Expressions are quite similar to JSONPath. Here is how examples above can be translated to YAQL:

$.customers[0].name -> $.customers[0].name (no change) $.customers[*].orders[*].order_id -> $.customers.orders.order_id

the main addition to JSONPath is functions and operators. Consider the following YAQL expressions:

$.customers.orders[$.quantity > 0].quantity.sum() -> 4 $.customers.orders.select($.quantity * $.quantity).sum() -> 6 $.customers.orders.order_id.orderDesc($) -> [3, 2, 1] $.customers.orders.order_id.orderDesc($).take(2) -> [3, 2] $.customers.orders.order_id.orderDesc($).first() -> 3

Does it mean that YAQL has large built-in function and operator library?. Yes, YAQL library has a out of the box large set of commonly used functions. But they are not built-in. All the functions and operators (which are also function: a + b = operator_+(a, b) etc) are user-supplied. User is free to add other functions that could be used in expressions and to remove standard ones.
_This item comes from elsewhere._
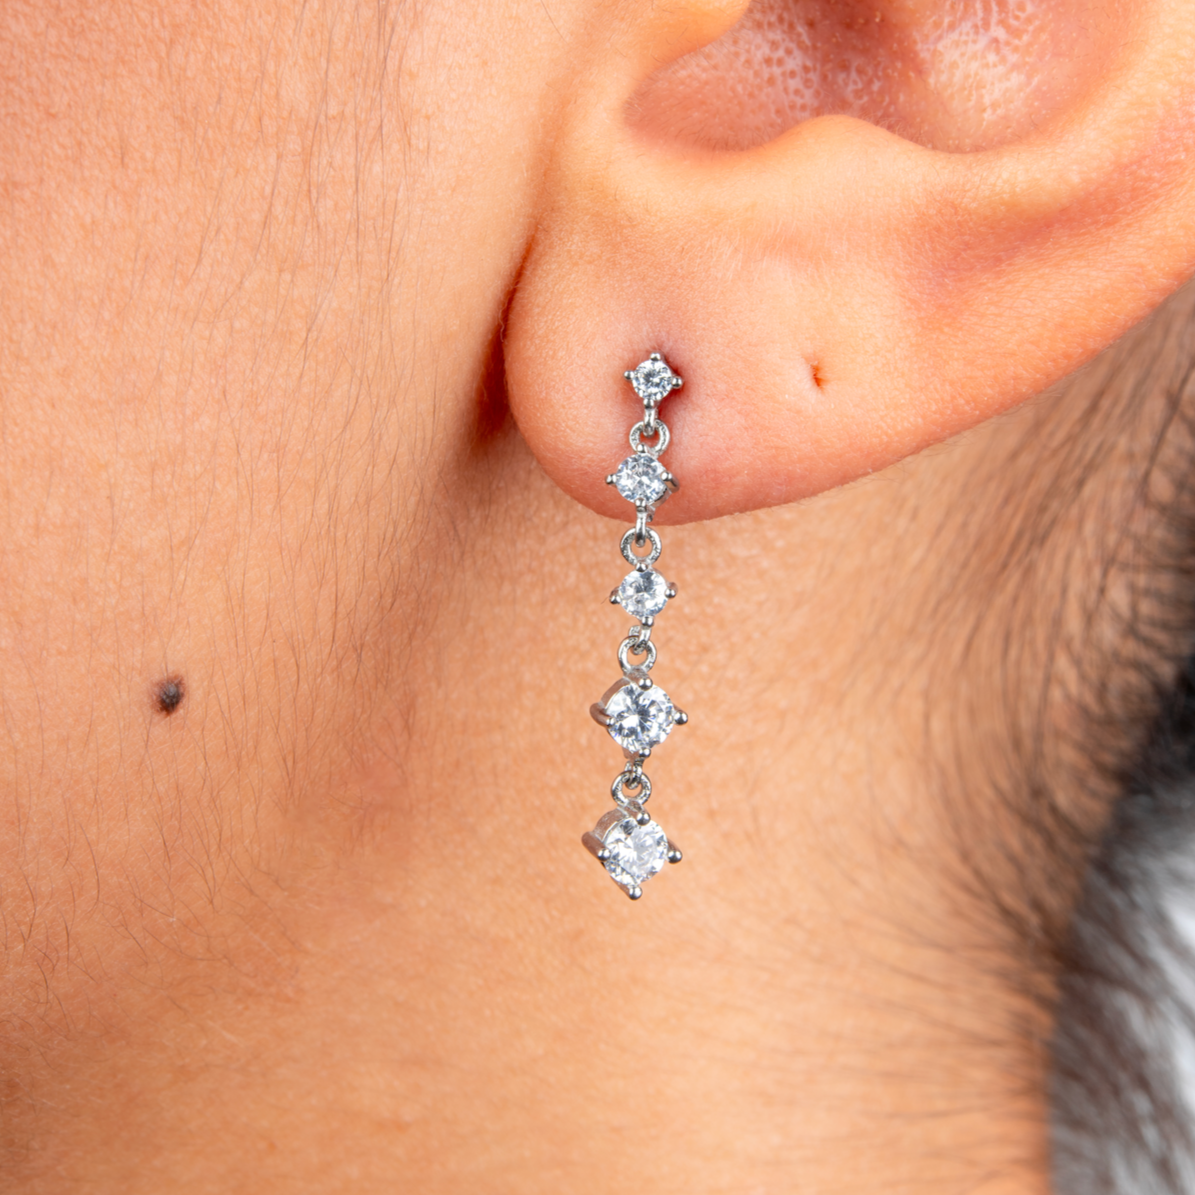 Jade Earrings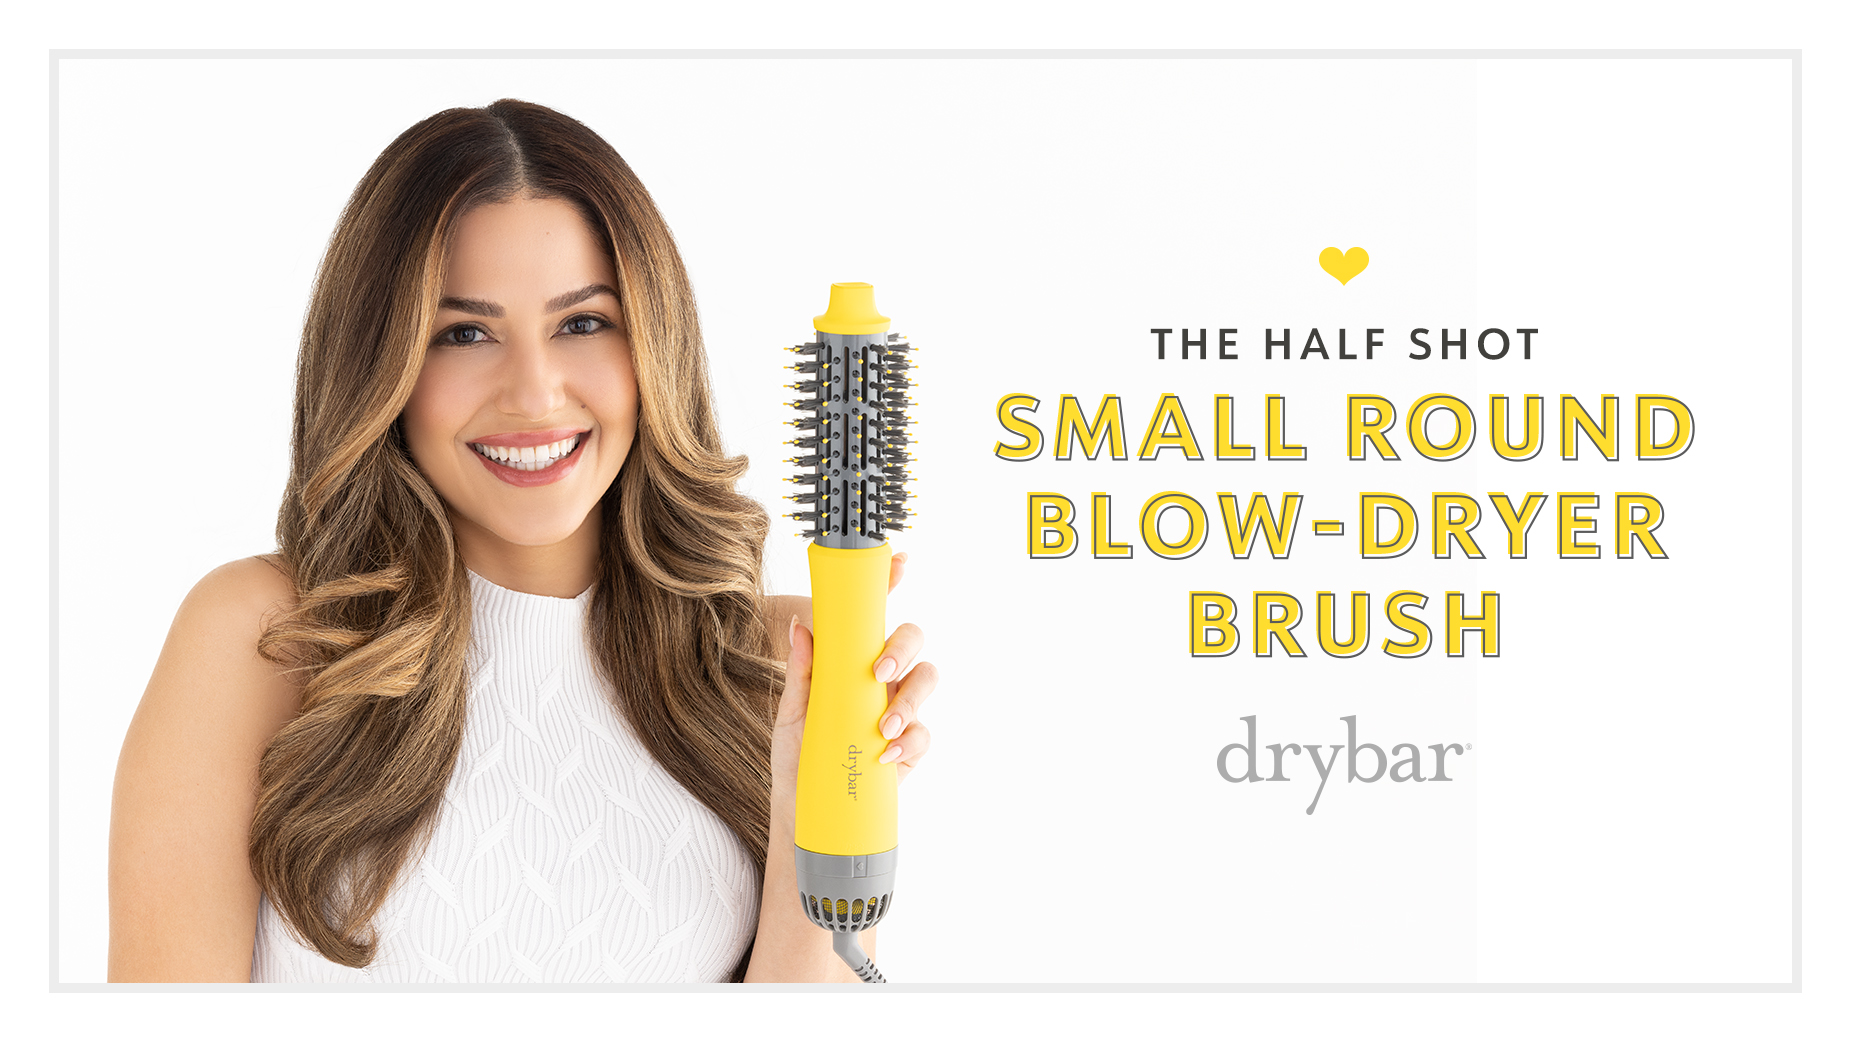 The Half Shot Small Round Blow-Dryer Brush

JSONPath library needs 2 arguments - input JSON data and an a expression. YAQL library requires third parameter - context.

Context is a repository of functions and variables that can be used in expressions. So all the functions above are just ordinary Python functions that are registered in Context object. But because they all need to be registered in Context user can always customize them, add his own model-specific ones and have full control over the expression evaluation.